3.4 Site Comparisons

We can also look at how stream sampling sites are distributed relative to the components. For Example, site 12-Caya-4.7 scores high on PCA2 (indicative of high nitrogen and phosphorus loads) and is below the mid-range for PCA1, which suggests the influence of surface water (rain & runoff) contributions.

Figure 18 can be used to distinguish or group locations in terms of their water chemistry.

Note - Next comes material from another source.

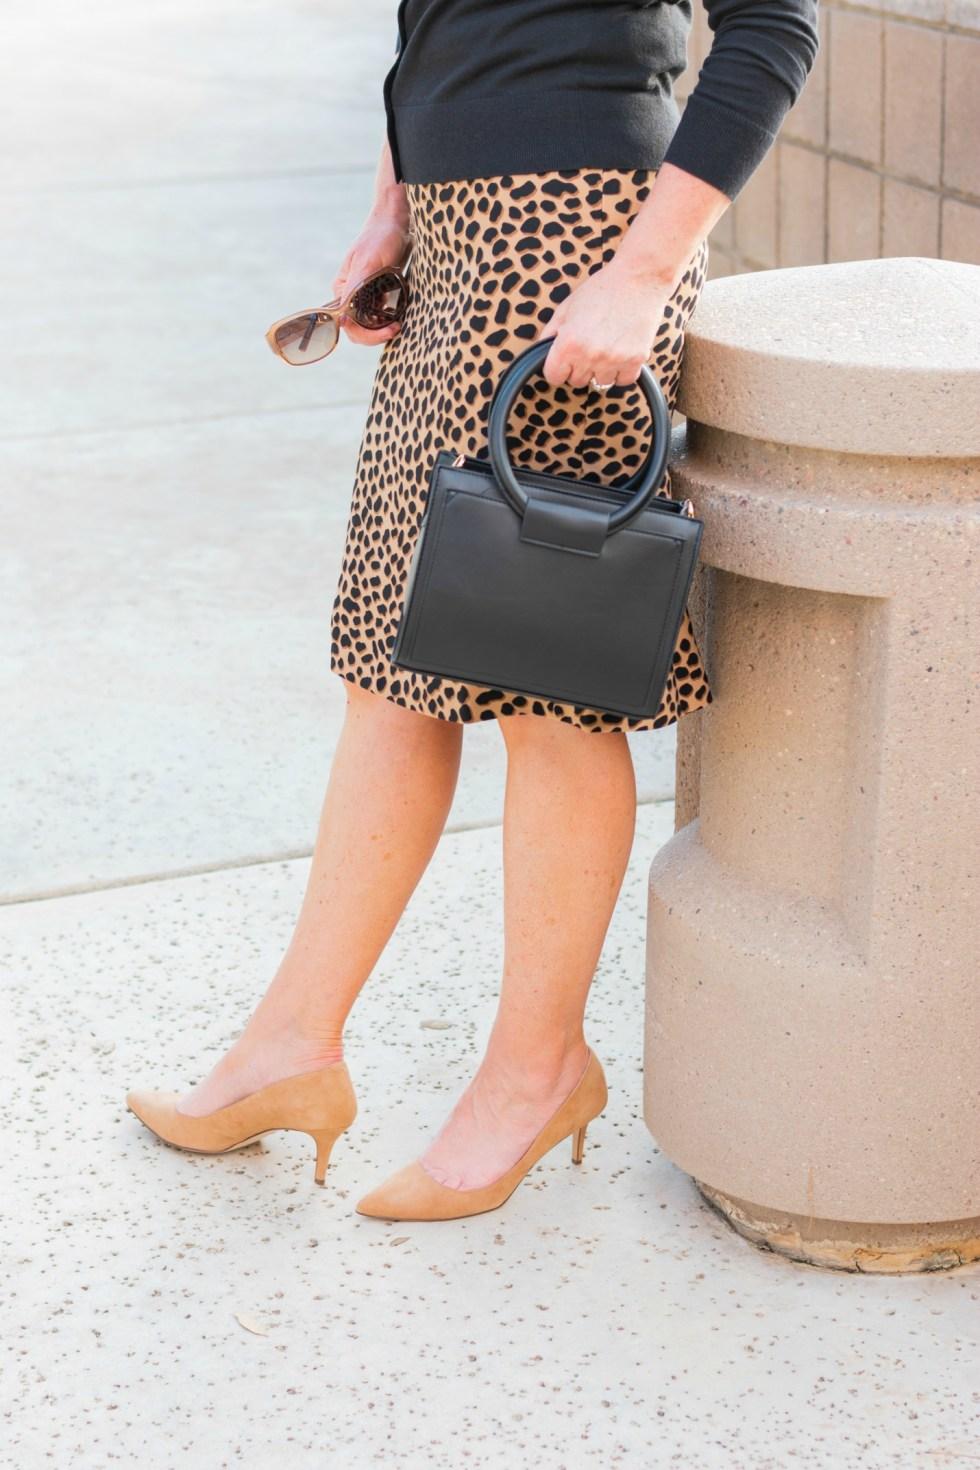 Cheetah Print Skirt and Cardigan

#Graph of individuals. Individuals with a similar profile are grouped together.

fviz_pca_ind(components,
             col.ind = "contrib", # Color by the quality of representation
             gradient.cols = c("#00AFBB", "#E7B800", "#FC4E07"),
             title='Figure 17. Distribution of Stream Locations (Water Quality) based on PCA1 and PCA2',
             repel = TRUE     # Avoid text overlapping
)

fviz_pca_ind(components,
             col.ind = "cos2", # Color by the quality of representation
             gradient.cols = c("#00AFBB", "#E7B800", "#FC4E07"),
             title='Figure 17. Distribution of Stream Locations (Water Quality) based on PCA1 and PCA2',
             repel = TRUE     # Avoid text overlapping
)

#Biplot of individuals and variables
fviz_pca_biplot(components, repel = TRUE,
                title='Figure 18. Distribution of Stream Locations based on Water Quality: from PCA1 and PCA2',
                col.var = "#2E9FDF", # Variables color
                col.ind = "#696969"  # Individuals color
                )

## PCA Summary

From the previous analysis, it is clear that PCA can be used as an unsupervised method to quickly distinguish associations between water quality measurements that have interpretive value as well as identify patterns of association between streams based on their chemical composition. Future assessments might include qualitative measurements of stream condition along with other multivariate approaches to describe and classify these sites.